How Many Grams Of Sugar Should A Pregnant Woman Consume Per Day?

High consumption of sugar during pregnancy is risky for a would-be-mother and for her baby’s health. It is associated with weight gain, type two diabetes, arthritis, lowered immune function, bloating, obesity, gallstones, cardiovascular disease and breast cancer. It is the last thing that a pregnant mother needs because sugar is depleting, draining the absorption of vitamin B, calcium, copper, chromium and magnesium that a would-be-mother needs to manage her increased stress. Also, getting away with the bitter taste with the taste of the sweet or sugar force-feeds microbes in the digestive tract that is already exposed to infection due to maternal stress and leads to impaired nutrient absorption, gas, fatigue and diarrhea. These health issues are as relevant for our babies’ health as for ours.

Things To Care About Being A Pregnant Lady

–    Set Your Goal Of Having Sugar A Day:

If you are pregnant and want a happy life for your would-be-baby, avoid sugar and consume alternatives for it. Also, eat less than twenty grams of sugar per day, it means approx. two tablespoons a day. But if you have any digestive issue then do not eat more than ten grams a day. It is better to use sometimes honey instead of sugar for health.
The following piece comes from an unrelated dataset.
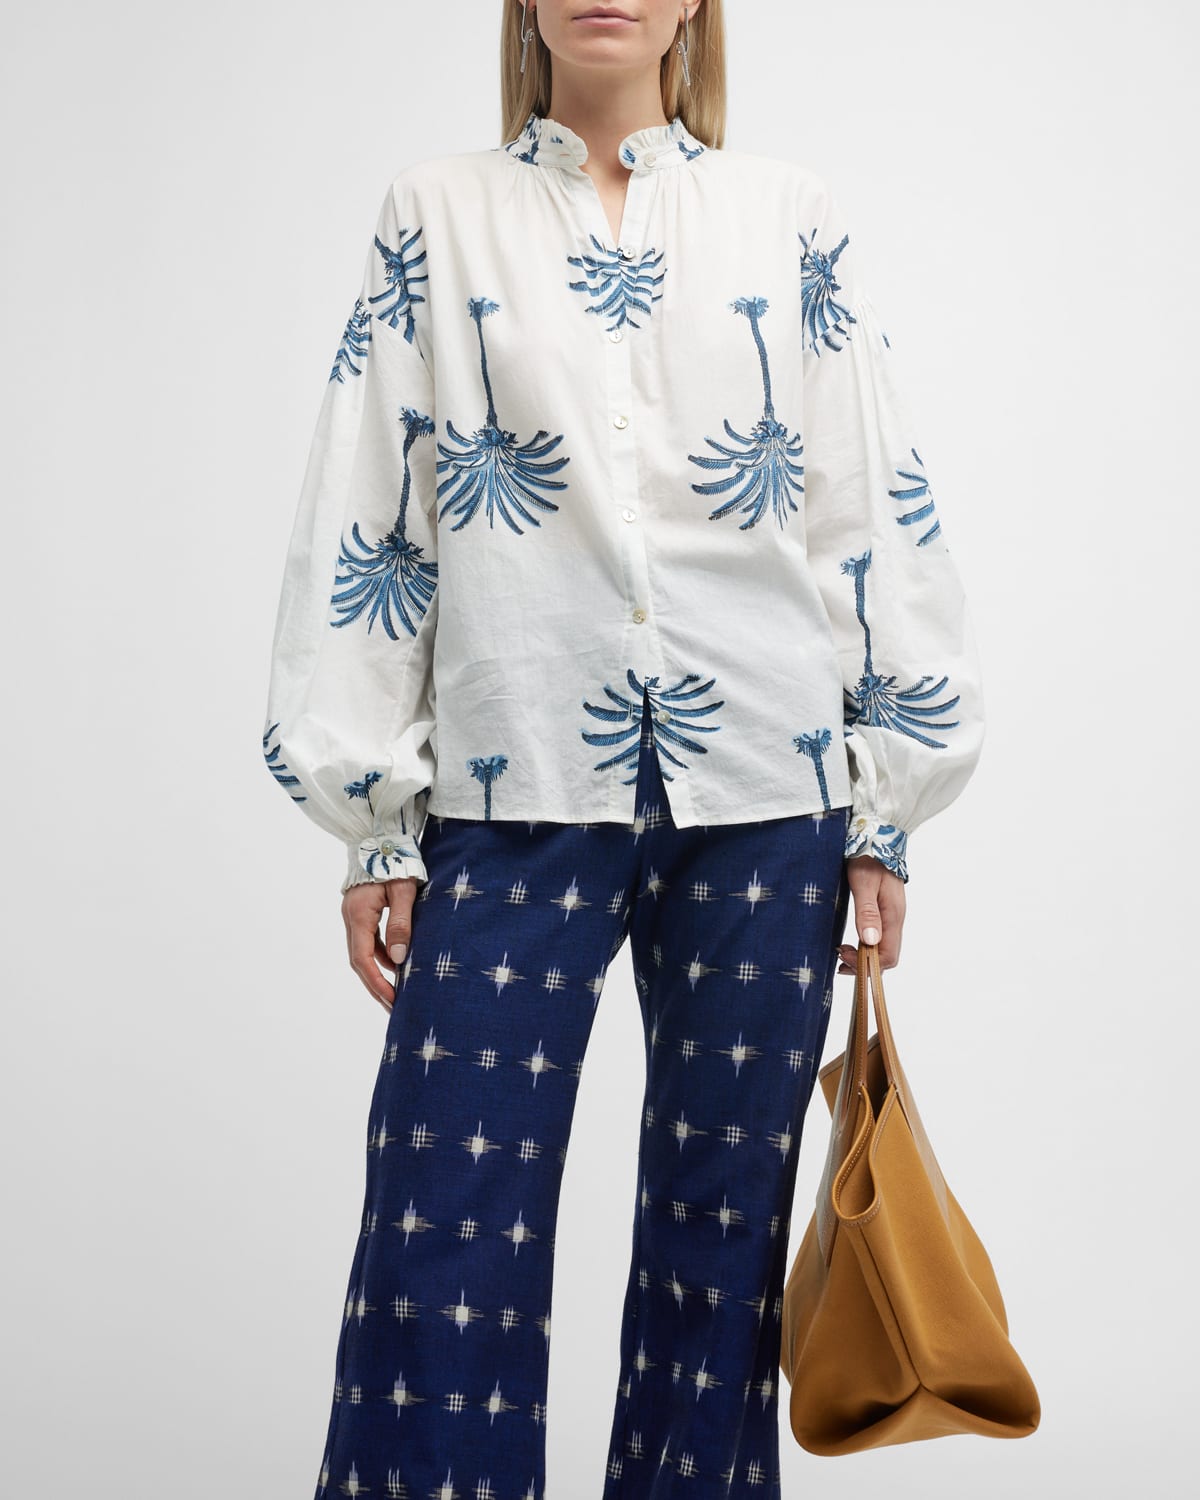 Alix of Bohemia Poet Palm-Printed Button-Front Blouse

–    Choose Food Accordingly:

Choose your food items according to the sugar level in them. Cut down consumption of those items that are highly involved in sugar and start eating products where you need less amount of sugar.
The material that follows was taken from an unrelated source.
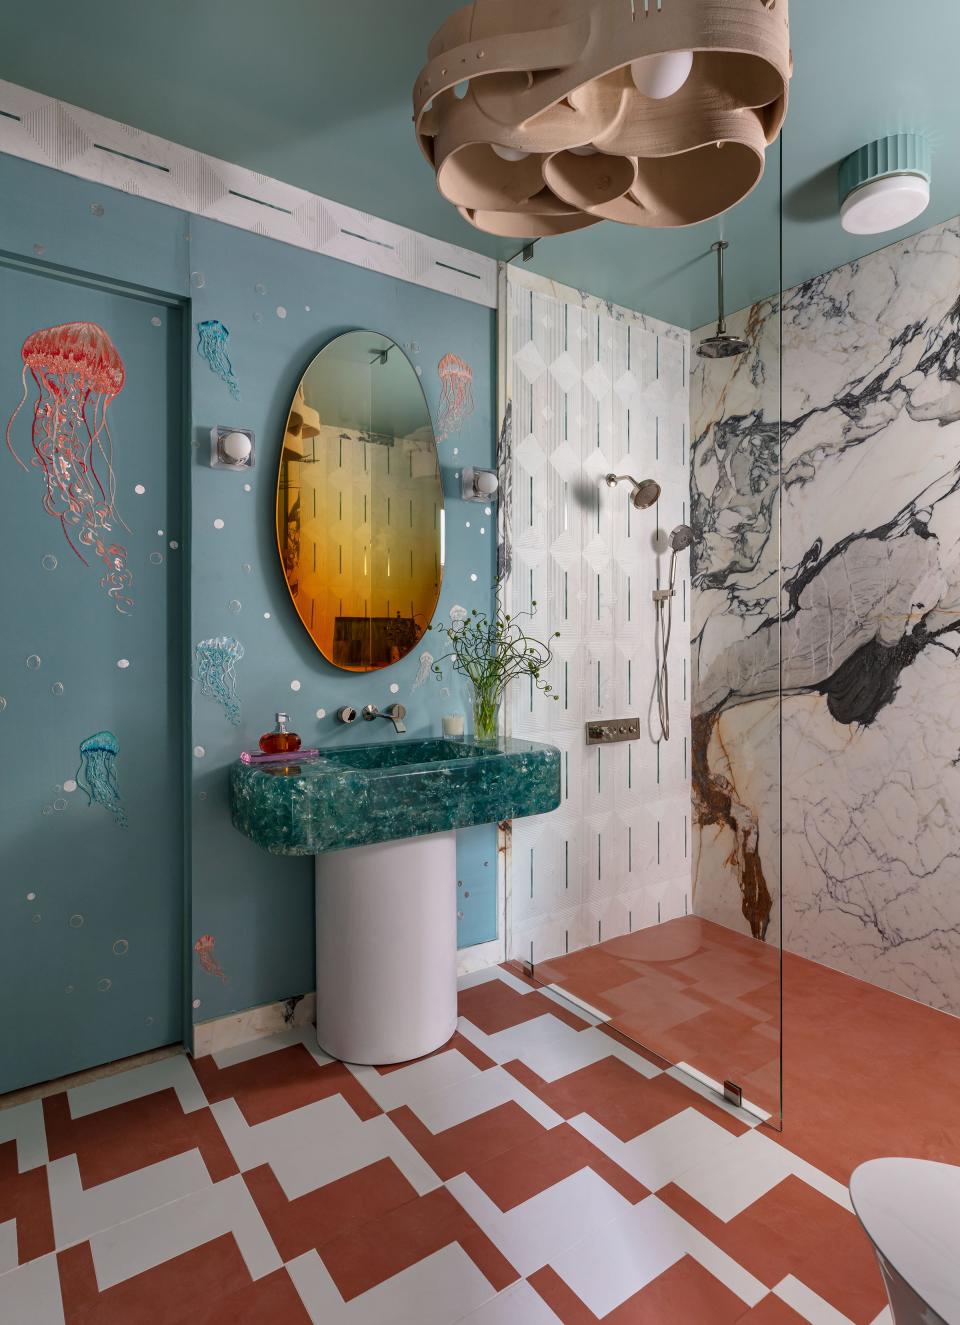 At the Kips Bay Decorator Show House Palm Beach, Helen Bergin's first-floor bathroom, with Kohler fixtures and faucets, features an underwater theme and a sink made of teal resin.

–    Cut Out Juice And Soda:

Juice and soda have high amount of sugar and preservatives in them. So, avoid market or packed soda and juice and go for natural ones. If possible, try to make juice or sodas on your own at home or directly consume fresh fruits. They are much better than their juice.

–    Try To Avoid Temptation:

Ignore tempting food products like candies and cookies. We know that these items, especially ice-cream and candies tempt you during pregnancy but it is really a good idea to keep them aside because it will lead to unnecessary weight and health issue and have no benefit of it.
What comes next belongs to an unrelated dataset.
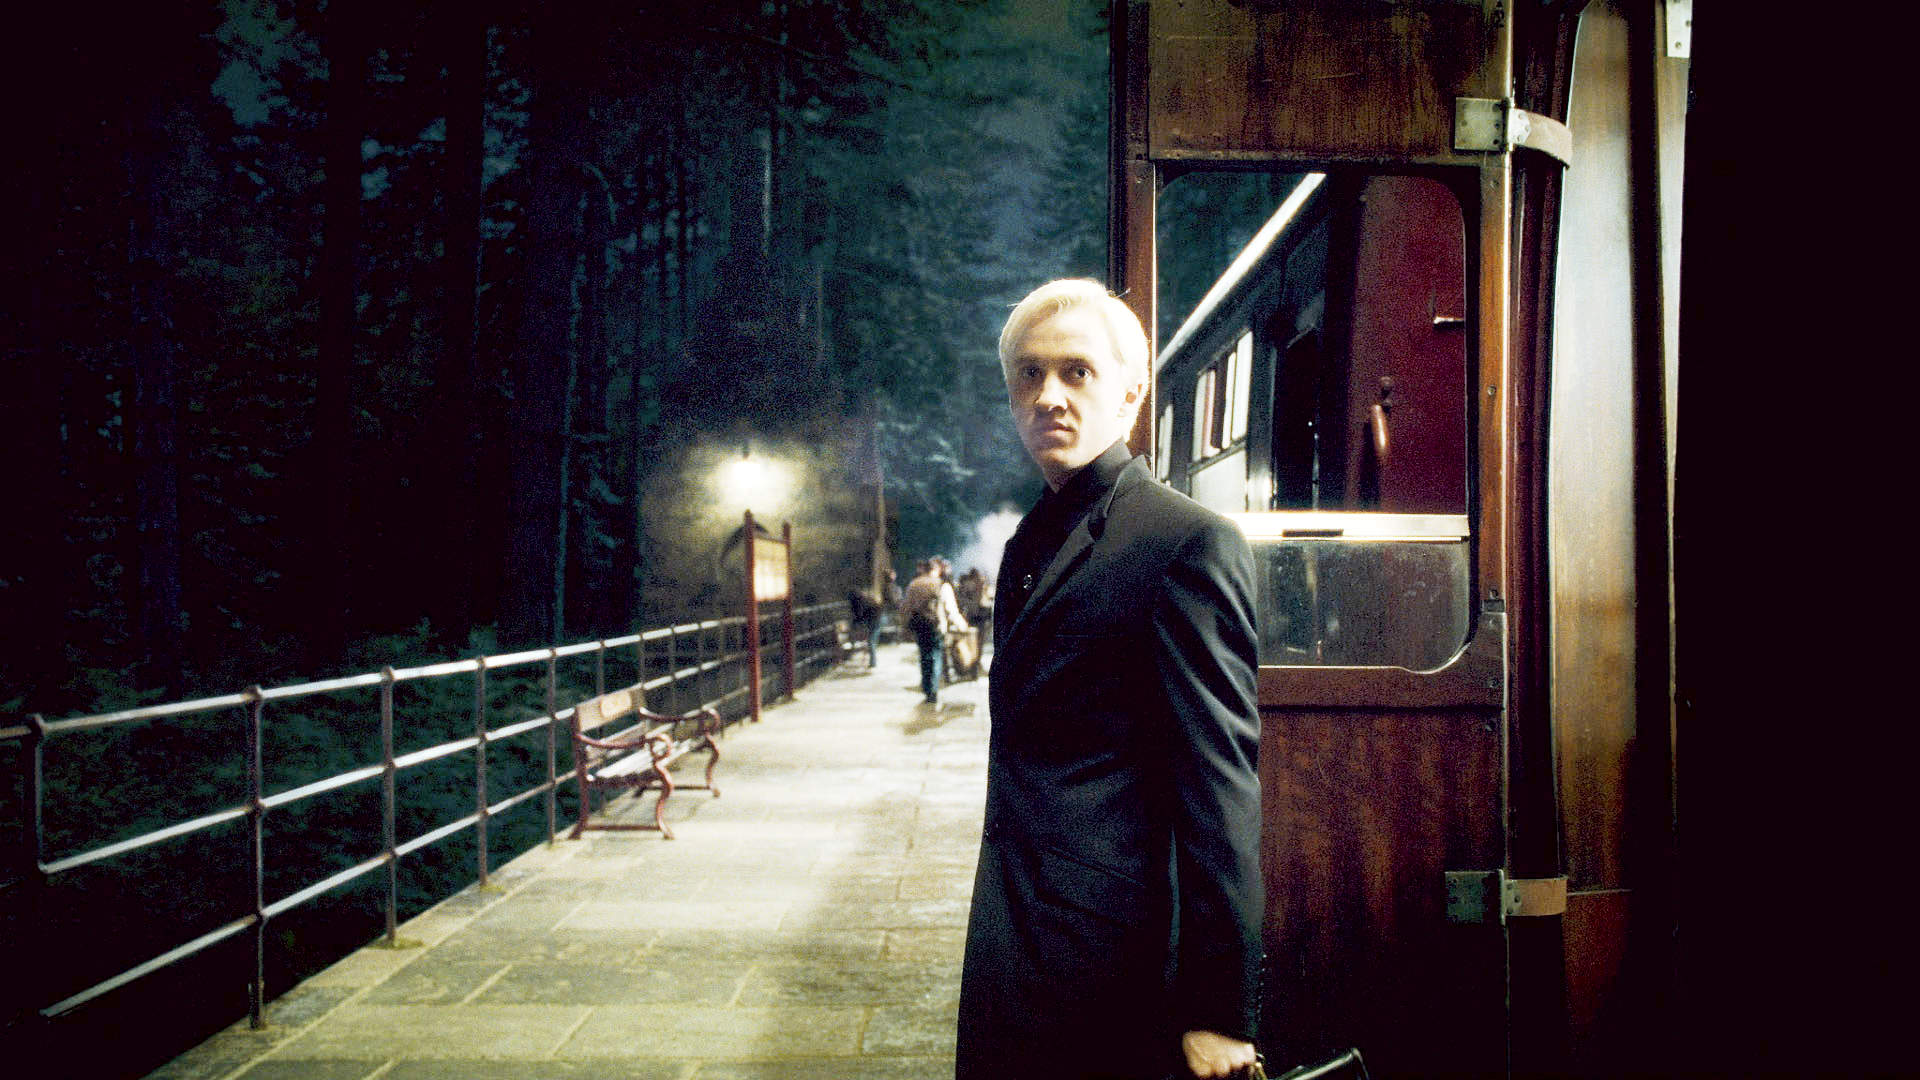 Tom Felton stars as Draco Malfoy in Warner Bros Pictures' Harry Potter and the Half-Blood Prince (2009)

–    Understand The Things That Keep You Hooked On Sugar:

The above written point and this point are almost same but have some quite difference. Like, if you are too busy and do not get enough time to eat properly and are depended on tea, coffee, and cookies, start understanding this thing and look for alternatives. Yes, if you have less time you can go for salty things, like lemon water mixed with salt not with sugar or go for baked items but of salt.

–    Be Nice To Yourself When You Are Avoiding Sugar:

Yes, sugar is the critical ease food item, and it is really tough to avoid or ignore it. So, do not be hard with your body, make it understand with patience and politeness. Think about all the wonderful things that you are doing to make your body well and fit.